__INSTRUCTIONS TO FOLLOW__. Give the listing again in full and exactly, apart from its pictures.

__DATASET EXCERPT__.
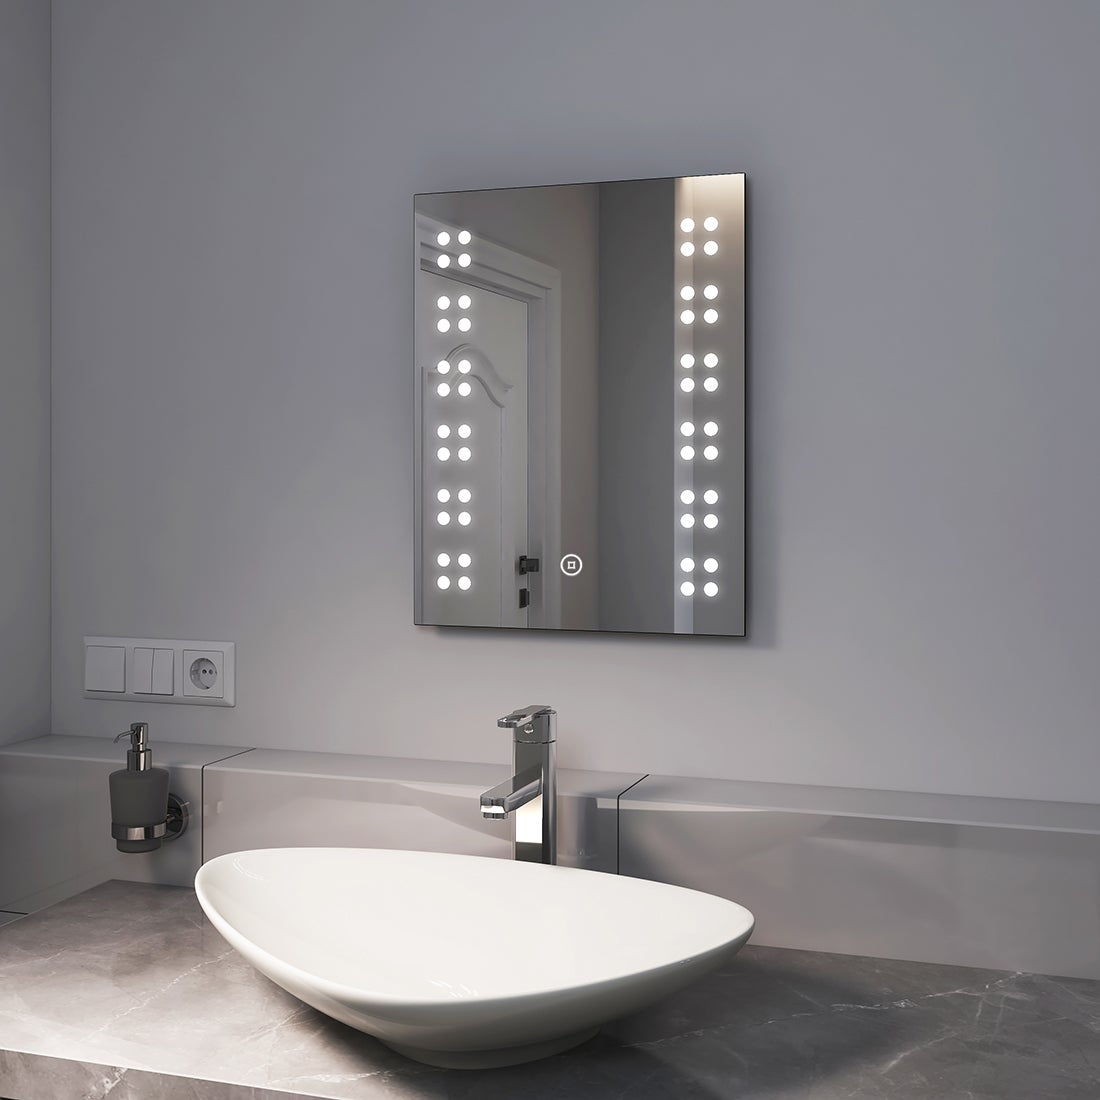 EMKE LED Badspiegel mit Beleuchtung 39x50cm Badezimmerspiegel mit Touchschalter Wandspiegel mit Beleuchtung 6000K Kaltweiß Lichtspiegel IP44 energiesparend
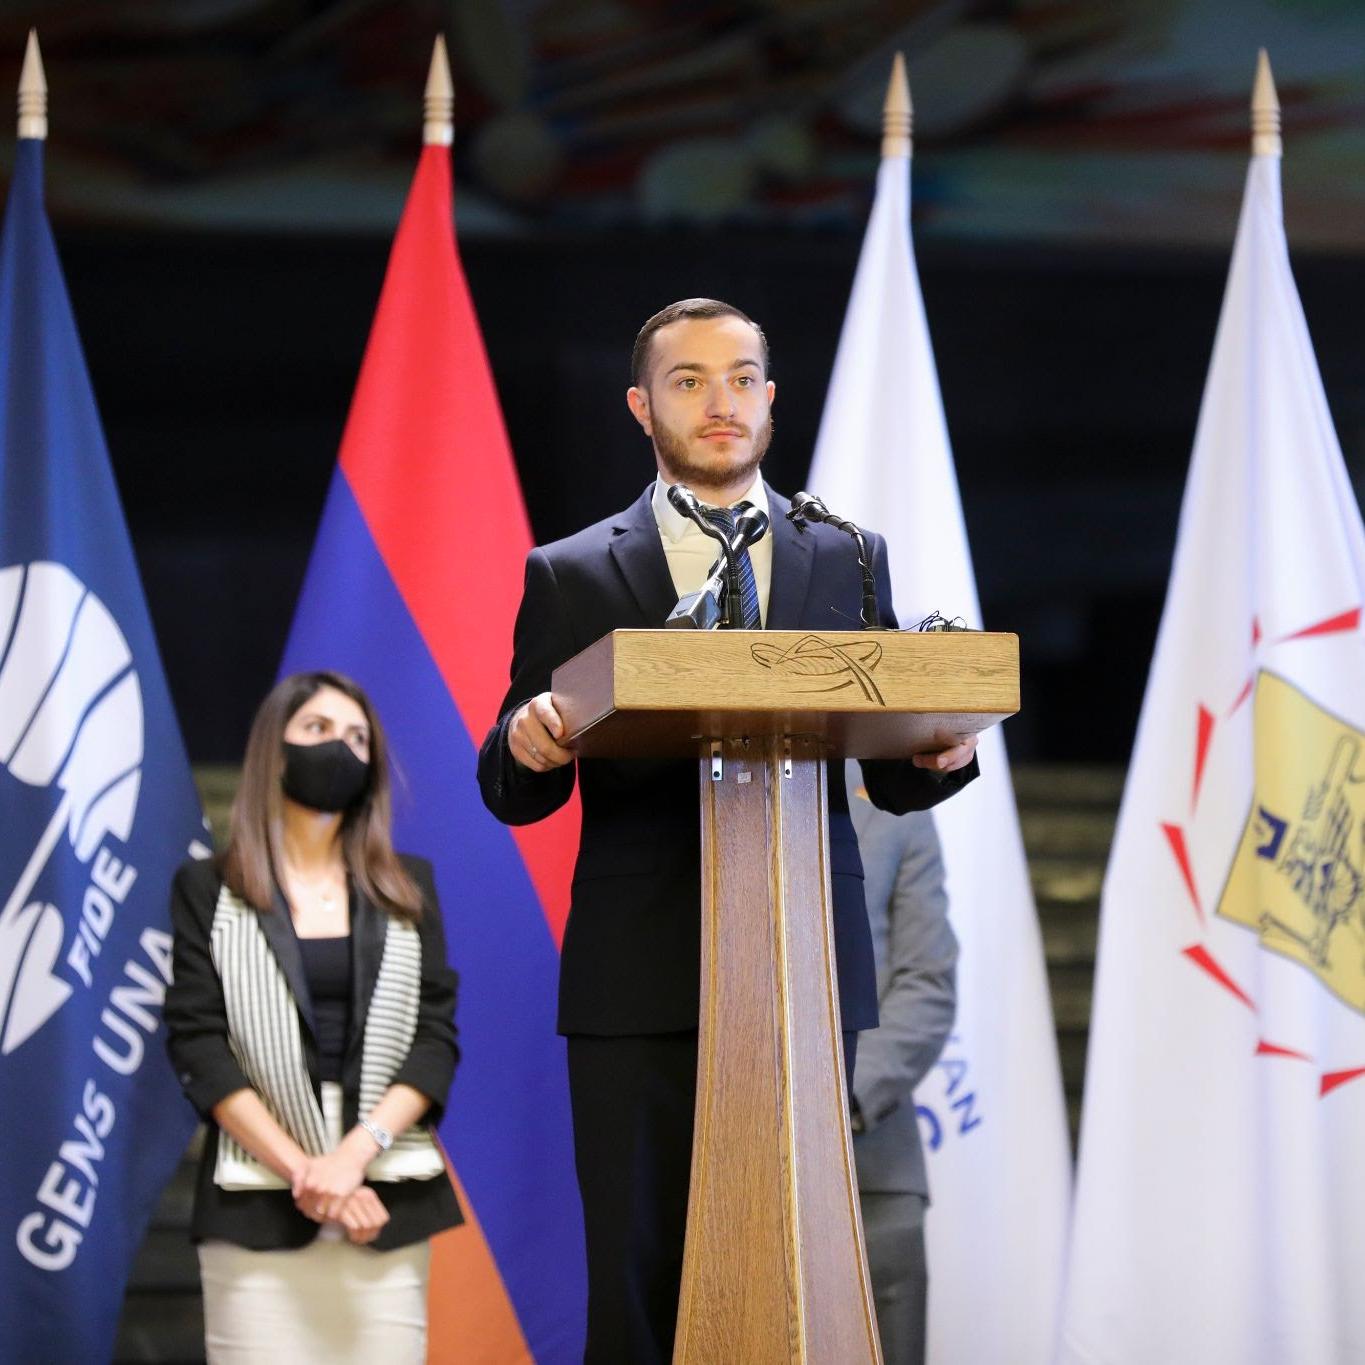 Երևանի շախմատի ֆեդերացիայի նախագահի ելույթը Yerevan Open մրցաշարի ժամանակ
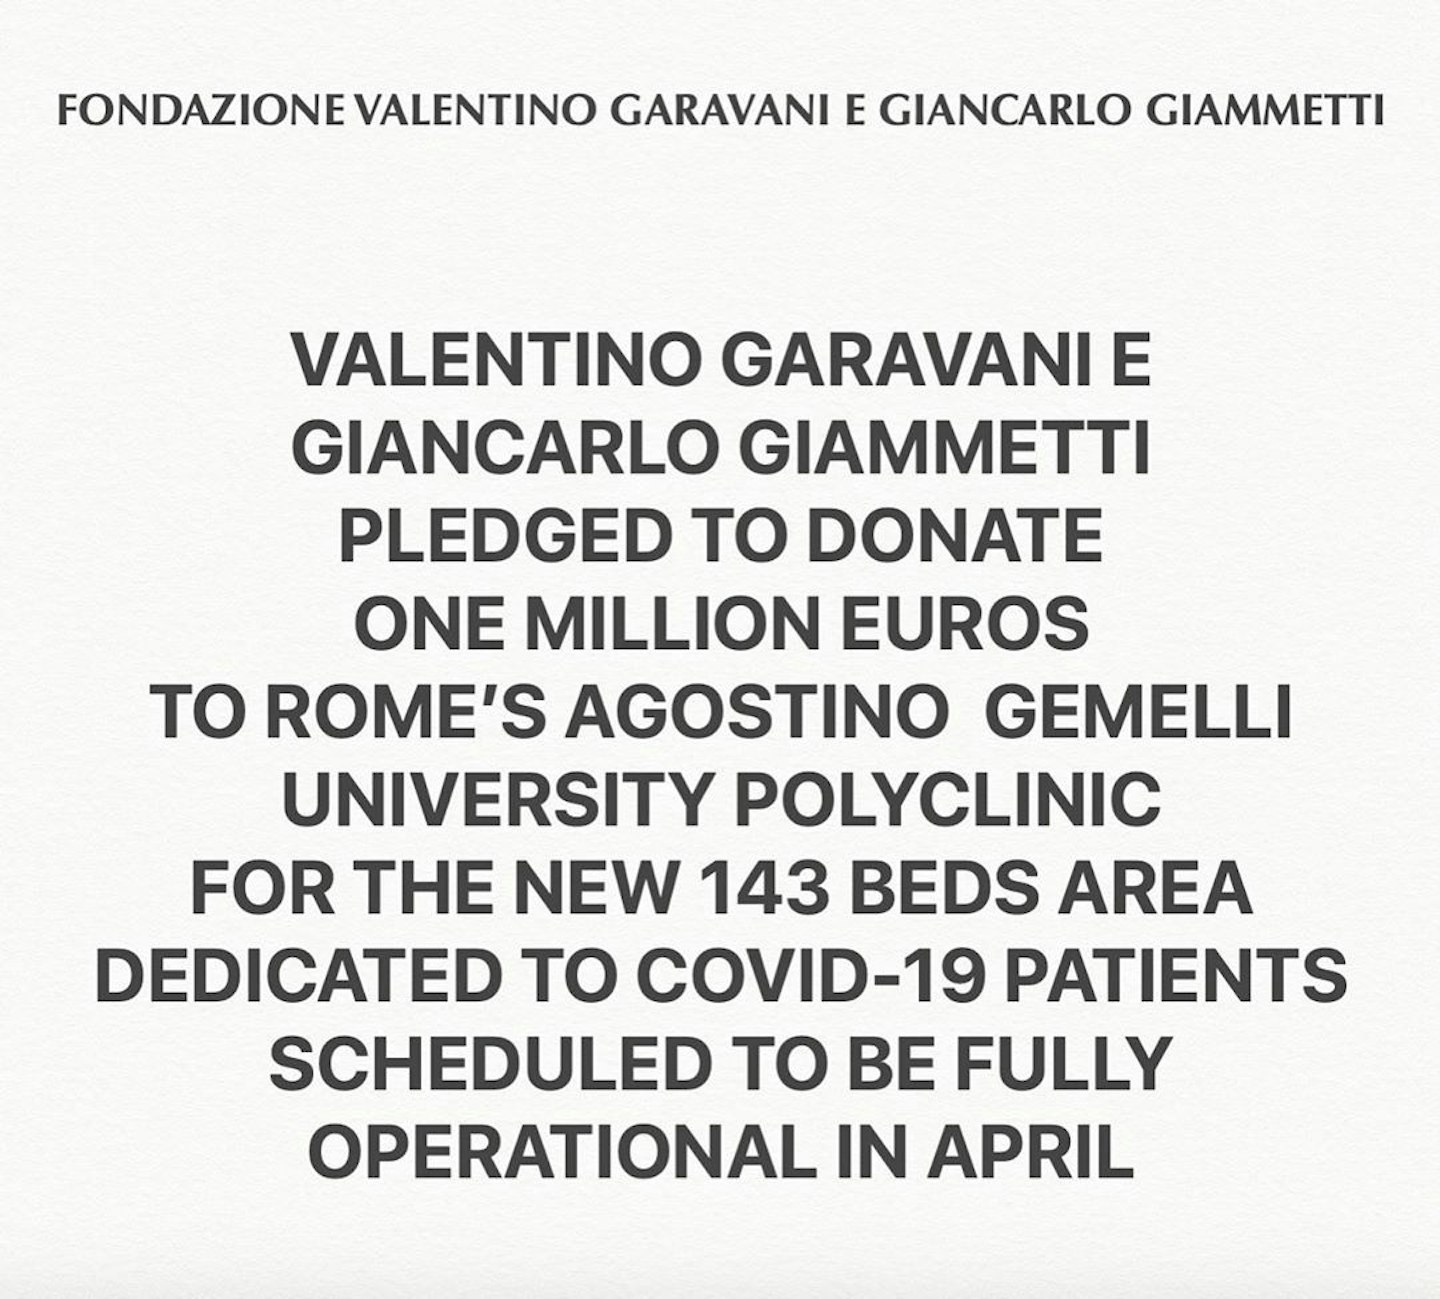 Valentino-garavani-giancarlo-giammetti-coronavirus-aid
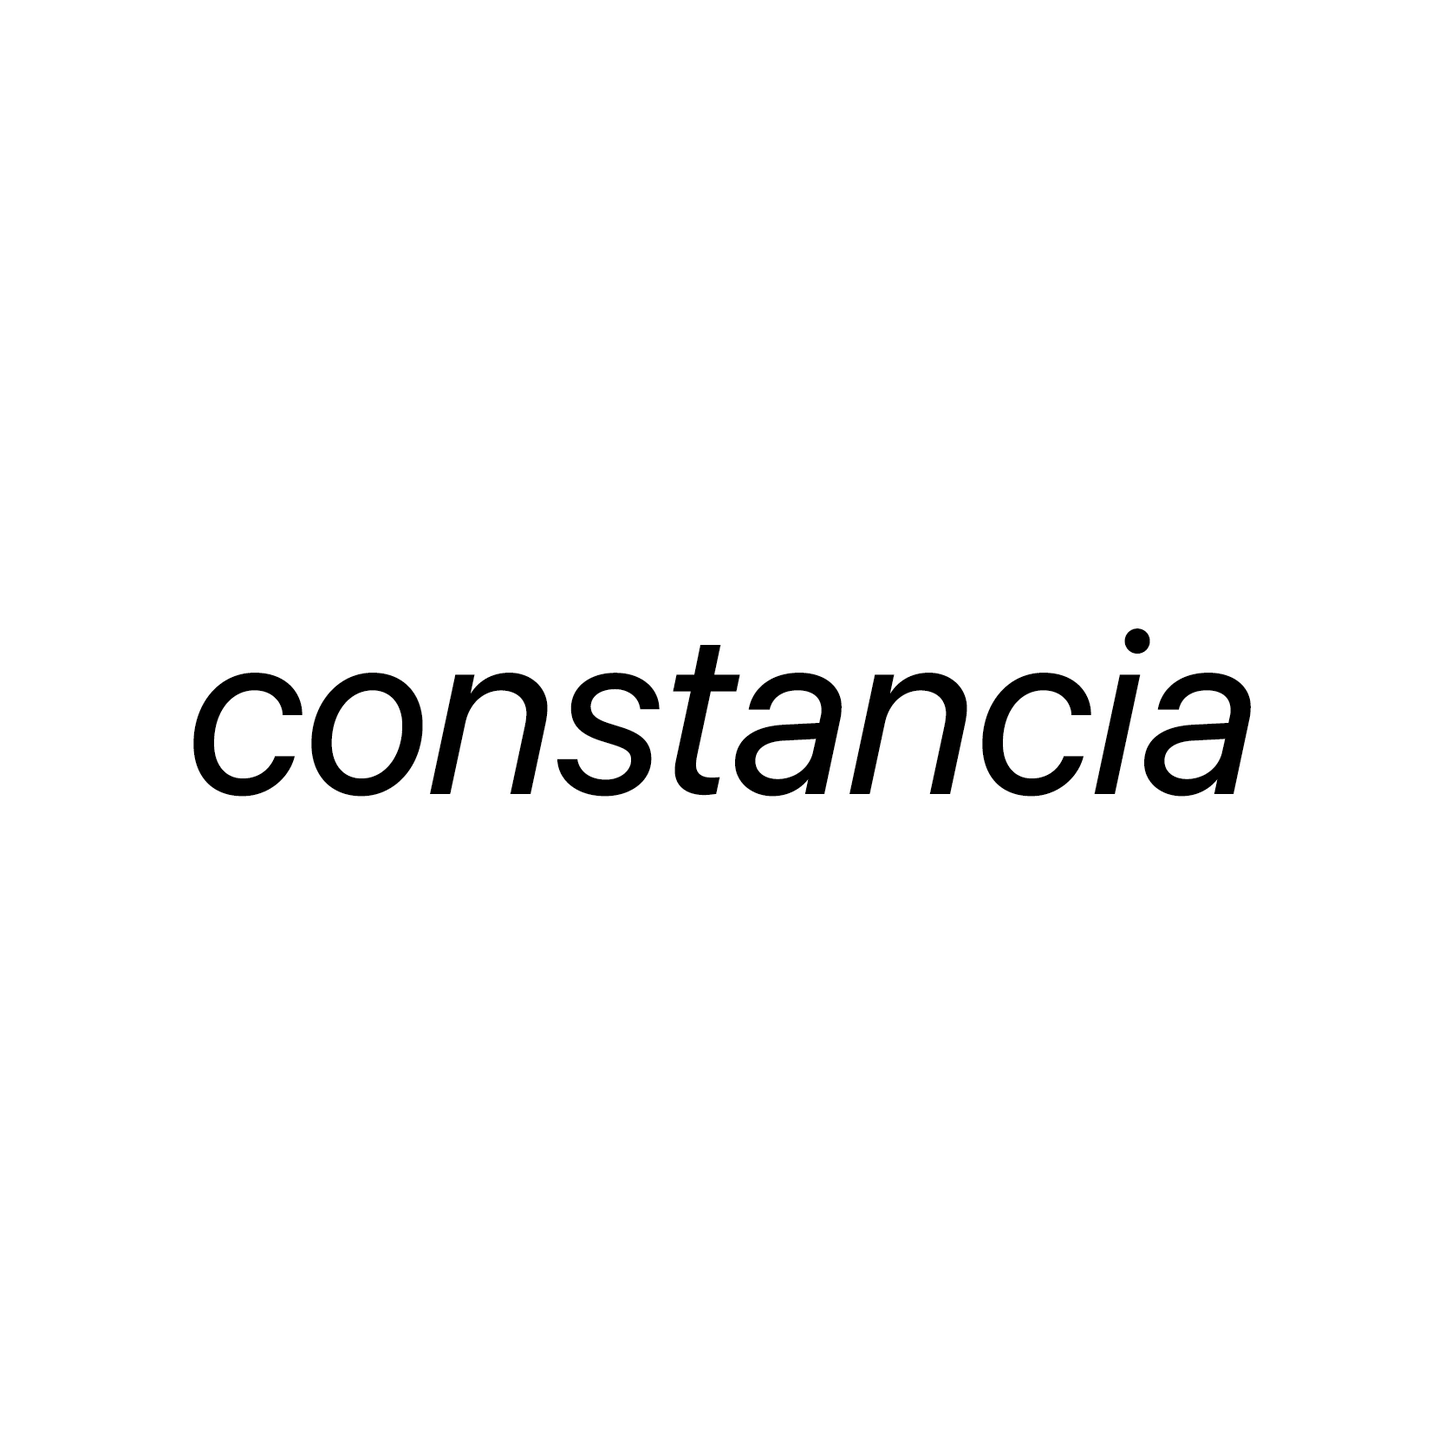 Constancia

__EXERCISE RESPONSE__.
 EMKE LED Badspiegel mit Beleuchtung 39x50cm Badezimmerspiegel mit Touchschalter Wandspiegel mit Beleuchtung 6000K Kaltweiß Lichtspiegel IP44 energiesparend
 Երևանի շախմատի ֆեդերացիայի նախագահի ելույթը Yerevan Open մրցաշարի ժամանակ
 Valentino-garavani-giancarlo-giammetti-coronavirus-aid
 Constancia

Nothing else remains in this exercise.